I've just pushed a fix. I simply filter out annotations that starts with "_" and "Config", as it is done when collecting regular fields.

Btw, your primary_key_mixin is very nice :star_struck:

khwilson commented 3 years ago

Excellent! One quick comment on your solution, though: it's not common practice but I assume there will be times people have fields that start with _. Perhaps at least updating the documentation to reflect that?

And I'm happy to do a PR with the primary_key_mixin if you wanted to add it to the main library. I've been getting some decent mileage out of it. :-)

jeffzi commented 3 years ago

Actually private annotations have always been ignored since SchemaModel was introduced. I realized now that it was not to specified in the docs. I'll do that !

I think the primary key would be better as a recipe.

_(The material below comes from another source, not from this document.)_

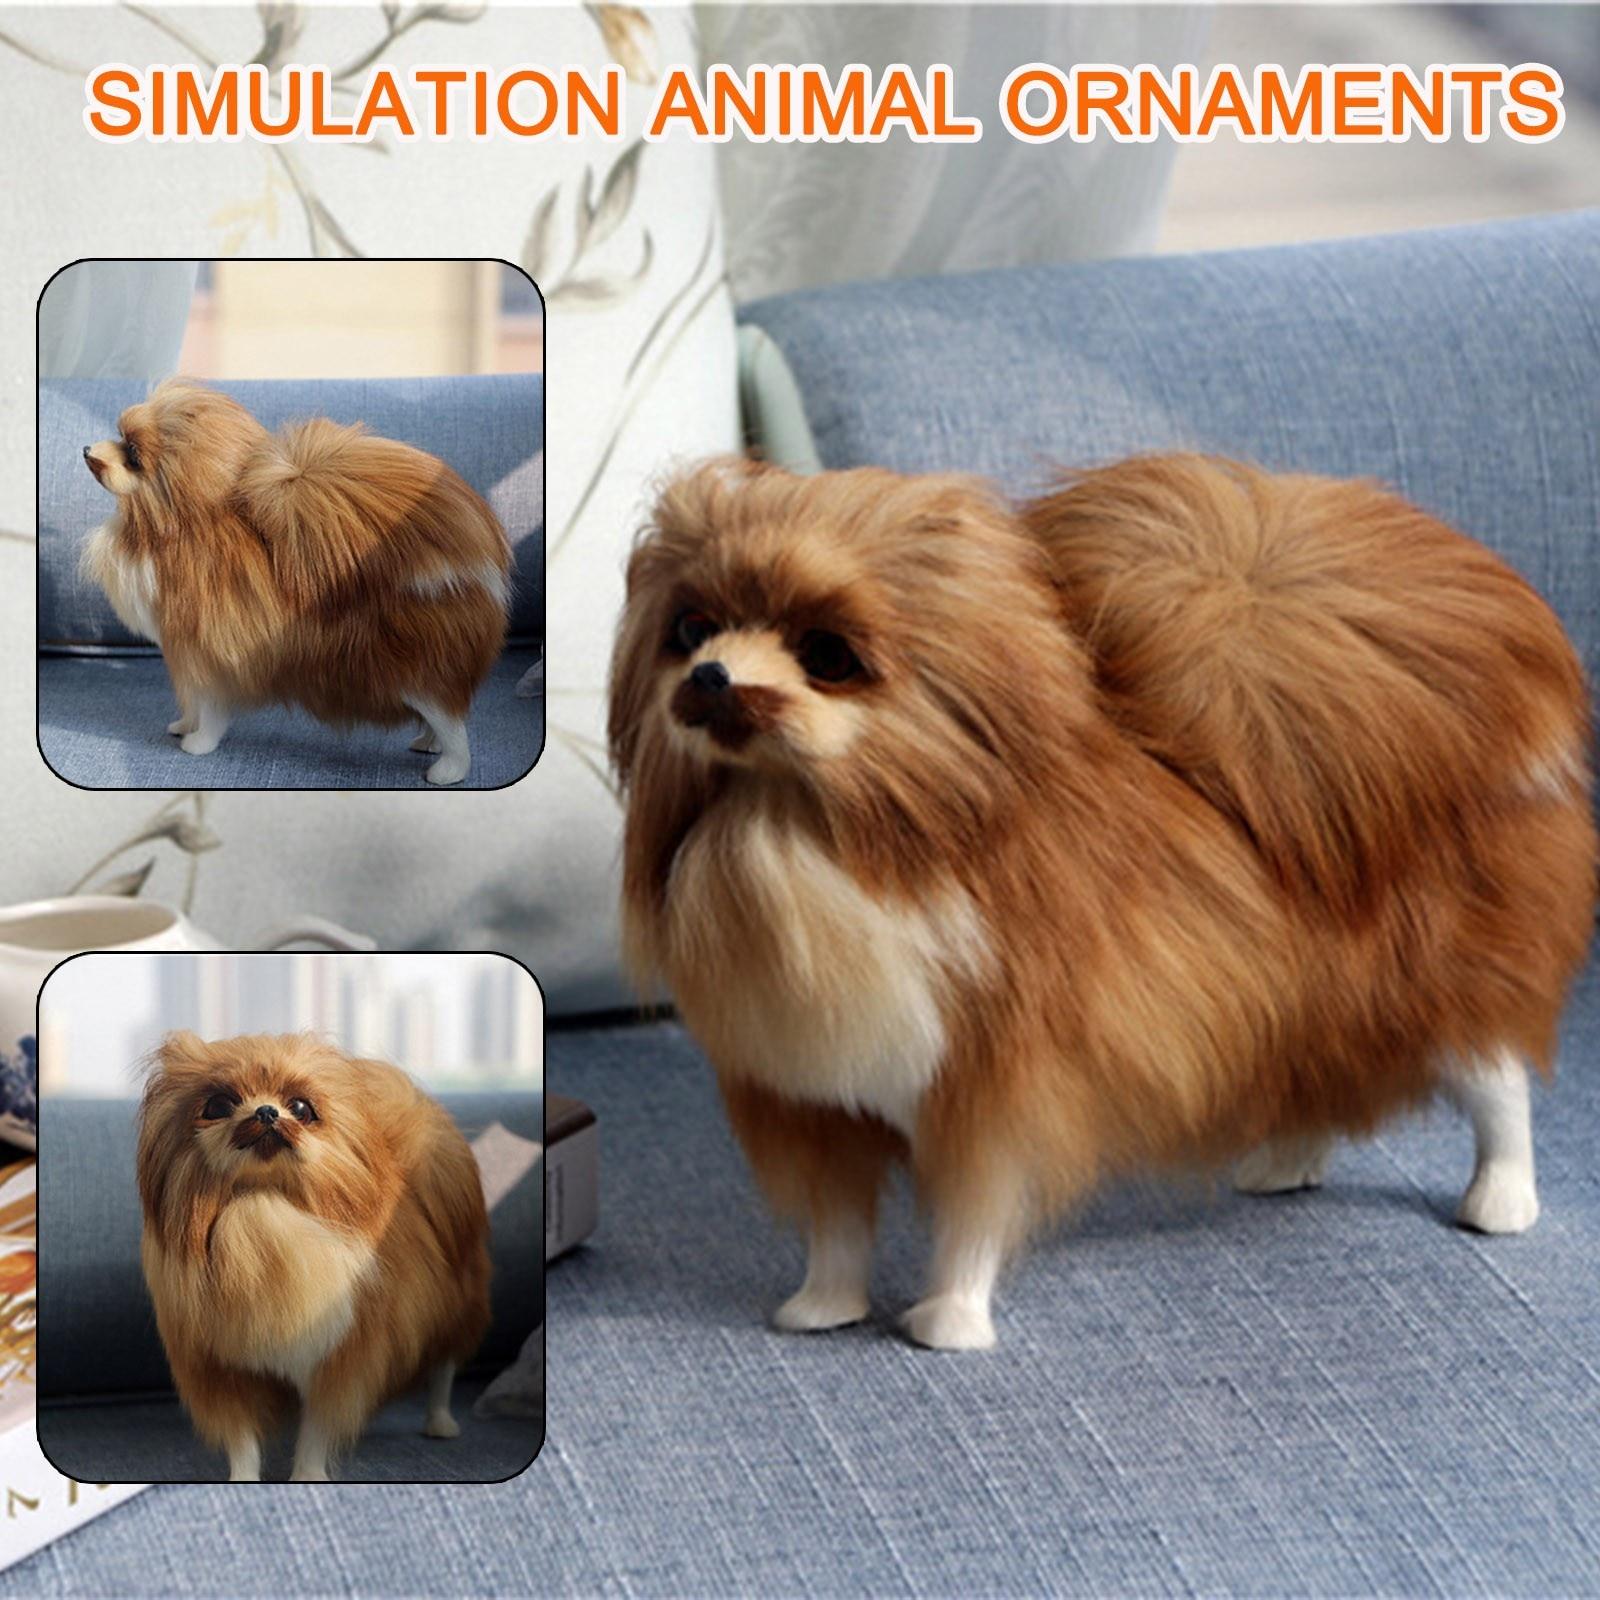 High Quality 3d Realistic Simulation Dog Toy Plush Pomeranian Toy Doll StufQWd Animal Kids Christmas Gift For Kids 22x7x19cm QW

It seems very specific for pandera itself, but @cosmicBboy might have another opinion. It would be nice if you could post the template in the discussions. I'm sure many people would find it useful.

One thing is that mypy complains: error: Unsupported dynamic base class "primary_key_mixin". We can continue in "discussions" if you don't mind :)

cosmicBboy commented 3 years ago

thanks @khwilson for pointing this out!

Btw, your primary_key_mixin is very nice 🤩

+1, love how flexible this syntax is turning out to be :)

Thanks @jeffzi just ✅ your PR.

khwilson commented 3 years ago

Thanks, y'all! Happy to start a discussion about the mixin!

cosmicBboy commented 3 years ago

fixed by #434